Next week's discussion will have more examples of regular expressions, and also some examples of natural language processing.

## Scrape Wisely

Before you scrape, is there an easier way to get the data? A direct data download? A web API?

__Q:__ How do I scrape the "next page" (for example, in a news listing)?

__A:__ The link to the next page is on the first page, so have your scraper get that link. Then use a loop.

__Q:__ I tried scraping a web page but what I see in my browser doesn't match what I see in the request response. What's going on? ([example](https://ucannualwage.ucop.edu/wage/))

__A:__ Several things could cause this.

Most likely is that web page has JavaScript code that displays the data. Your web browser runs the code, but a simple HTTP request does not.
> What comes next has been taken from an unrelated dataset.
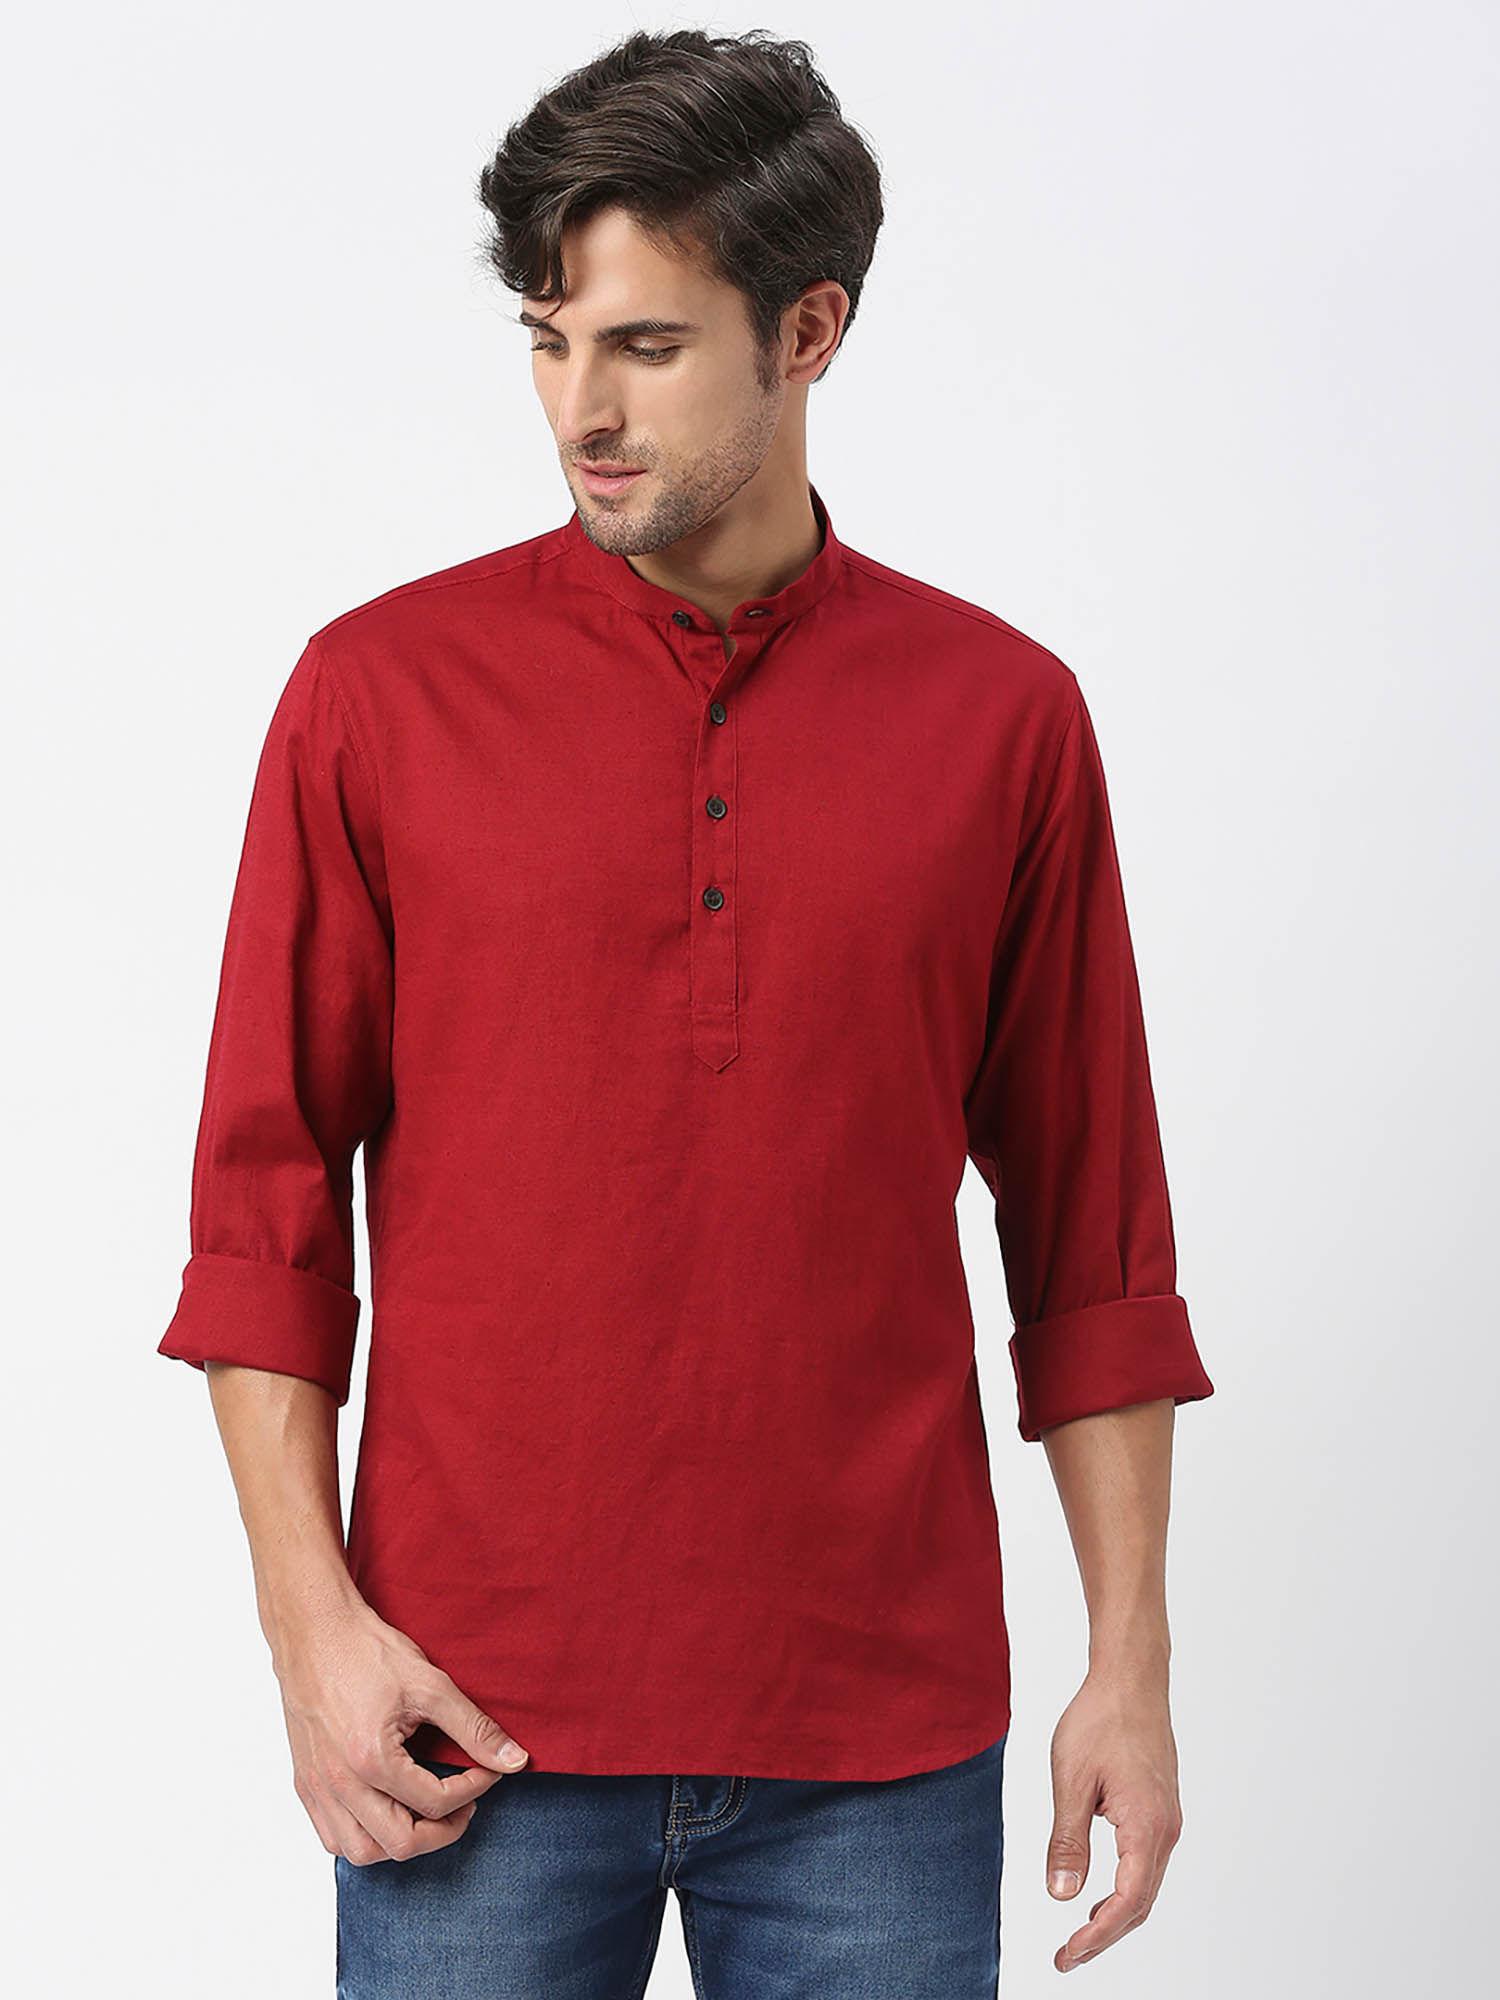 full sleeves red cotton linen kurta shirt with roll up sleeves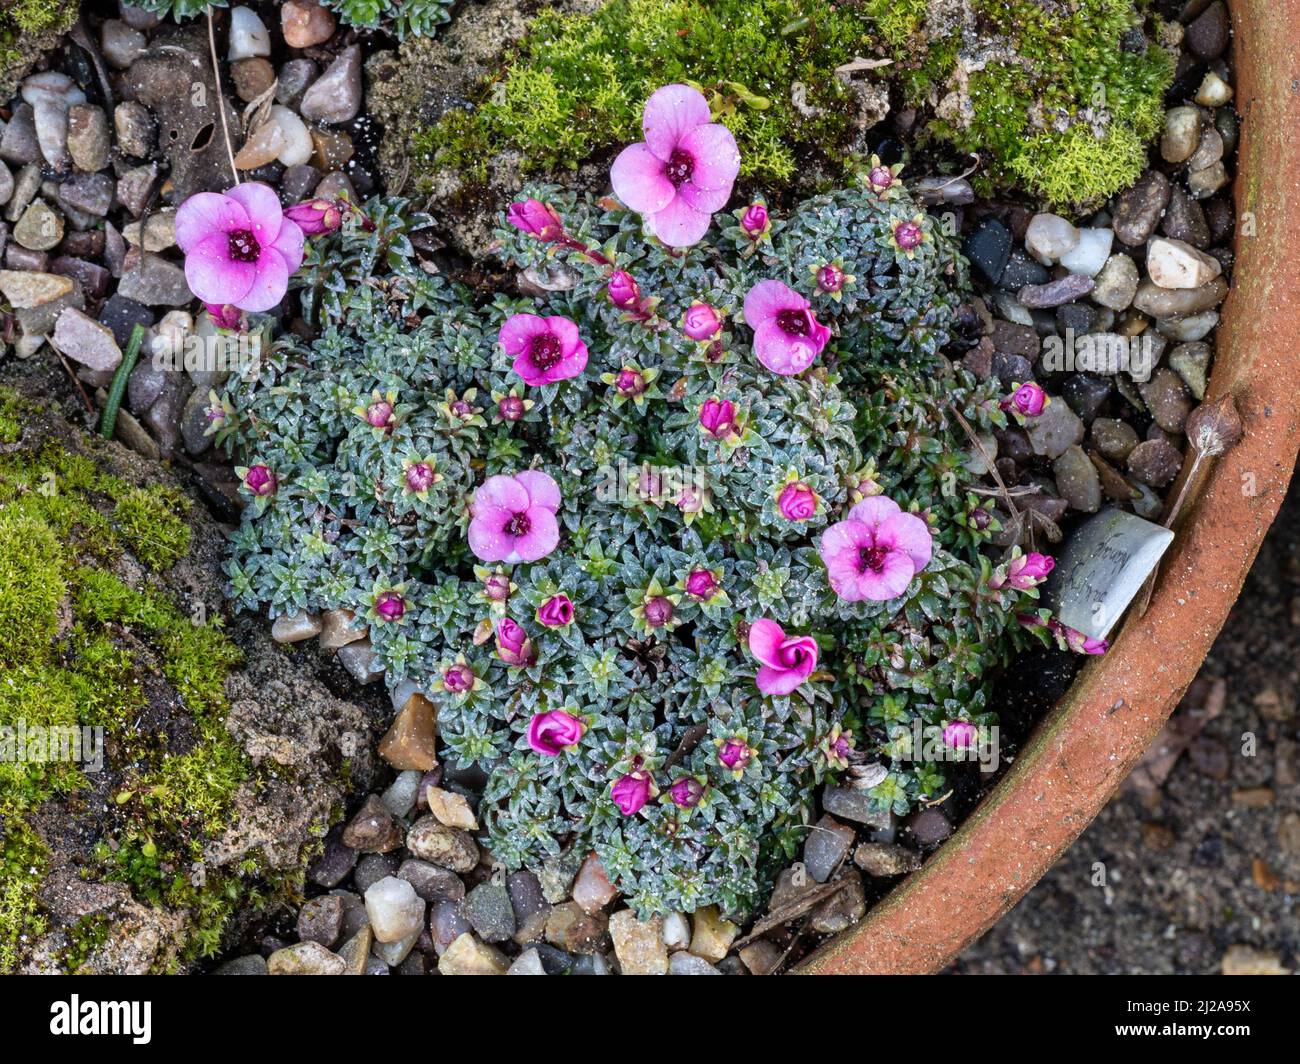 An encrusted mound of the early flowering kabschia Saxifraga Nanceye showing the delicate deep pink flowers Stock Photo

If the JavaScript gets the data from a web API, try to reverse-engineer the API (you can figure this out with the "Network" tab in the browser dev tools).

If the JavaScript doesn't use a web API, you can use tools like [selenium][] or [pyppeteer][] to control the browser from Python. The disadvantage is that this can be very slow if you need to scrape a lot of pages.

Some web pages are deliberately hard to scrape because the owners don't want you to have their data.

[selenium]: http://selenium-python.readthedocs.io/
[pyppeteer]: https://github.com/miyakogi/pyppeteer

__Q:__ How do I scrape a page where I have to log in?

__A:__ Use selenium or pyppeteer, as mentioned above.